A similar analysis has been developed for an Endowment; we report in

Table 6. Simulated MCV results—Endowment.

Endowment	t = 0	t = 10	t = 19
$\mathbb{E}\left[{}_1{\tilde{y}}_{t+1}^{MCV}\right]\left(T\right)$	153,901,015	−9,096,636	−20,084,746
$\mathbb{E}\left[{}_1{\tilde{y}}_{t+1}^{MCV}\right]$	153,905,829	−9,138,027	−20,084,746
$\mathbb{E}\left[{}_1{\tilde{y}}_{t+1}^{MCV}\right]$ on $w_t$	10.19%	−0.61%	−1.38%
$\sigma {(}_1{\tilde{y}}_{t+1}^{MCV})$	4,588,717	6,020,325	0
$\gamma {(}_1{\tilde{y}}_{t+1}^{MCV})$	−0.05	−0.02	0
SCR	−141,802,756	24,821,250	20,084,746
SCR on $w_t$	−9.39%	1.66%	1.38%

the main characteristics of the distribution of ${}_1{\tilde{y}}_{t+1}^{MCV}$ and the SCR ratio according to the three time periods.

Table 7. Local GAAP results—Endowment.

Endowment	t = 0	t = 10	t = 19
$\mathbb{E}\left[{}_1{\tilde{y}}_{t+1}^{LG}\right]\left(T\right)$	260,745	395,352	0
$\sigma {(}_1{\tilde{y}}_{t+1}^{LG})\left(T\right)$	750,933	595,986	0
$\gamma {(}_1{\tilde{y}}_{t+1}^{LG})\left(T\right)$	−2.41	−1.54	0
SCR	3,289,428	2,091,067	0
SCR on $w_t$	0.22%	0.14%	0%

summarizes analogous values computed in a local accounting framework.

Endowment contract shows similar results to the pure endowment case in terms of both expected profit and capital requirement ratio. The main differences can be noticed in the last year of the contract ($t=19$). We have indeed that, given the fact that the payment of benefit is certain, we have no volatility and, hence, the capital requirement is only needed to face expected losses.

As well-known previous contracts are typically chosen for saving purposes and the financial profit is the key issue for an insurance company. Therefore, we investigate the behaviour of the demographic profit in the case of a term insurance, which is typically chosen by policyholders for risk-protection purposes. The main results are reported in

Table 8. Simulated MCV results - Term Insurance.
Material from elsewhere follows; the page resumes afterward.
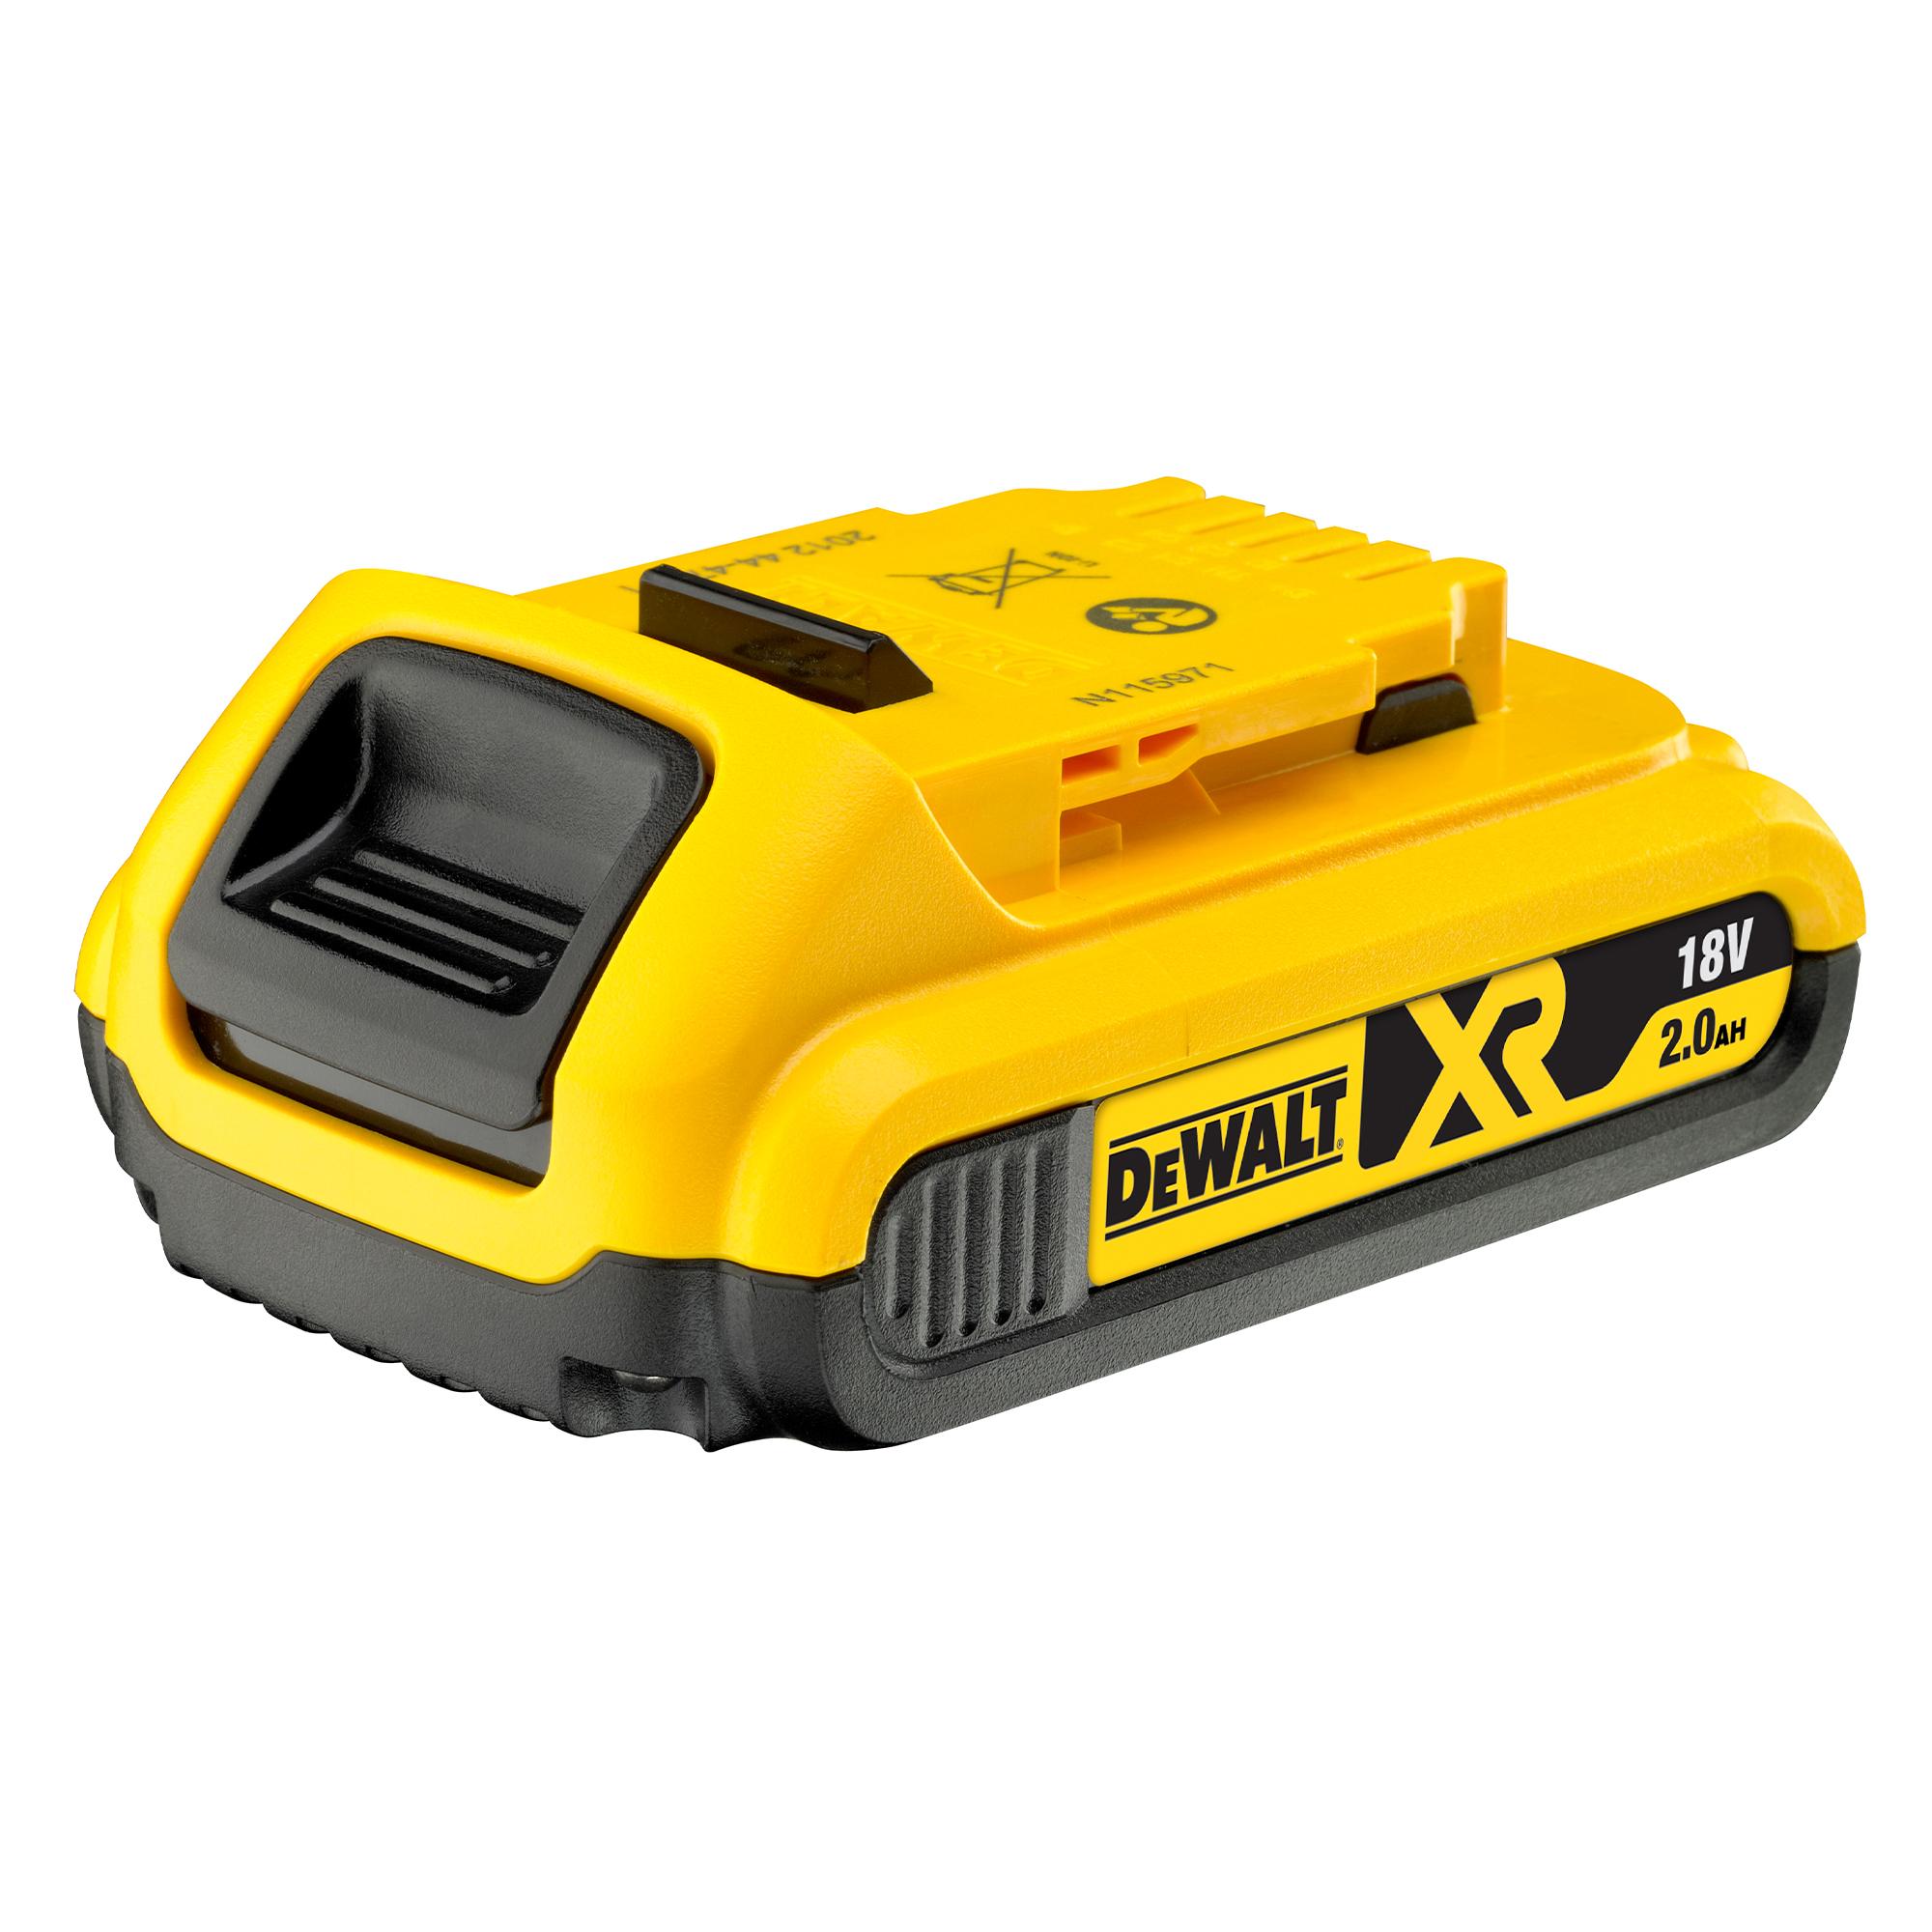 Dewalt DCB183 18V 2.0Ah XR Li-ion Slide-on Battery £23.99 + £5 delivery @ ITS

Term Insurance	t = 0	t = 10	t = 19
$\mathbb{E}\left[{}_1{\tilde{y}}_{t+1}^{MCV}\right]\left(T\right)$	20,898,387	−271,353	−269,009
$\mathbb{E}\left[{}_1{\tilde{y}}_{t+1}^{MCV}\right]$	20,891,192	−269,927	−269,285
$\mathbb{E}\left[{}_1{\tilde{y}}_{t+1}^{MCV}\right]$ on $w_t$	1.38%	−0.02%	−0.02%
$\sigma {(}_1{\tilde{y}}_{t+1}^{MCV})$	777,012	1,224,059	1,820,823
$\gamma {(}_1{\tilde{y}}_{t+1}^{MCV})$	−2.42	−1.48	−0.97
SCR	−17,219,206	24,821,250	6,769,046
SCR on $w_t$	−1.14%	0.36%	0.47%

.

It is interesting to note that the expected gain accounted for in $t=1$, although strictly greater than the expected losses of the subsequent periods, is lower than those of other policies (e.g., pure endowment, endowment). In this case, the very small volume of mathematical reserves ensures that expected losses and expected profits are very low. The previous comment is also explained by the fact that we are assuming the same first and second-order life tables in term insurance and endowment. On the other hand, despite the volatility of sums insured paid in the case of death, a lower ratio between the capital requirement and the sums insured is observed.

Comparing the results of the Term Insurance with those obtained in a Local GAAP context (see

Table 9. Local GAAP results—Term Insurance.

Term Insurance	t = 0	t = 10	t = 19
$\mathbb{E}\left[{}_1{\tilde{y}}_{t+1}^{LG}\right]\left(T\right)$	266,582	800,159	2,160,710
$\sigma {(}_1{\tilde{y}}_{t+1}^{LG})\left(T\right)$	767,745	1,206,226	1,799,850
$\gamma {(}_1{\tilde{y}}_{t+1}^{LG})\left(T\right)$	−2.41	−1.54	−1.09
SCR	3,335,518	4,265,074	4,320,054
SCR on $w_t$	0.22%	0.29%	0.29%

), we observe that also in this case, the volatility in $t=0$ and $t=10$ is mainly driven by the volatility of the Vašíček model, while in $t=19$ it remains only the volatility of the strictly demographic component. As in the case of the Pure Endowment, it is clearly observed that where the financial component is zero (in $t=19$ the only spot rate is known), only the purely demographic skewness remains.

Finally, it should be noted that, despite the different nature of the alternative policies, a similar effect of the implicit forward rates is noticed both in terms of expected gains/losses, and in terms of capital requirement.

7. Conclusions

In this paper, we focus on the evaluation of the capital requirements for both mortality and longevity risk. In particular, we adapt classical actuarial relations to the market consistent framework required by the Solvency II directive. We provide a specific model that is able to catch the characteristics of demographic risk for non-participating life insurance contracts. As is well-known, in a local accounting context, differences between expected and observed mortality rates are a key topic for assessing demographic risk. We show that in a market-consistent framework, the financial component cannot be completely separated from the purely demographic one. We prove indeed that in the case where second-order demographic assumptions are stable over time, the connection between the financial guaranteed rate and the risk-free rate curve becomes the key element for the assessment for one-year demographic risk. Hence, to have a complete view of the insurance position, the main results must then be compared with the financial profit and the capital requirement for market risk too. Therefore, further research should regard an integrated assessment of both demographic and financial risks that could be helpful for defining strategies and future management actions regarding both portfolio characteristics and asset allocation. Finally, further developments will exploit the proposed model and closed formulas to quantify both idiosyncratic and systematic volatility to quantify the Solvency Capital Requirement.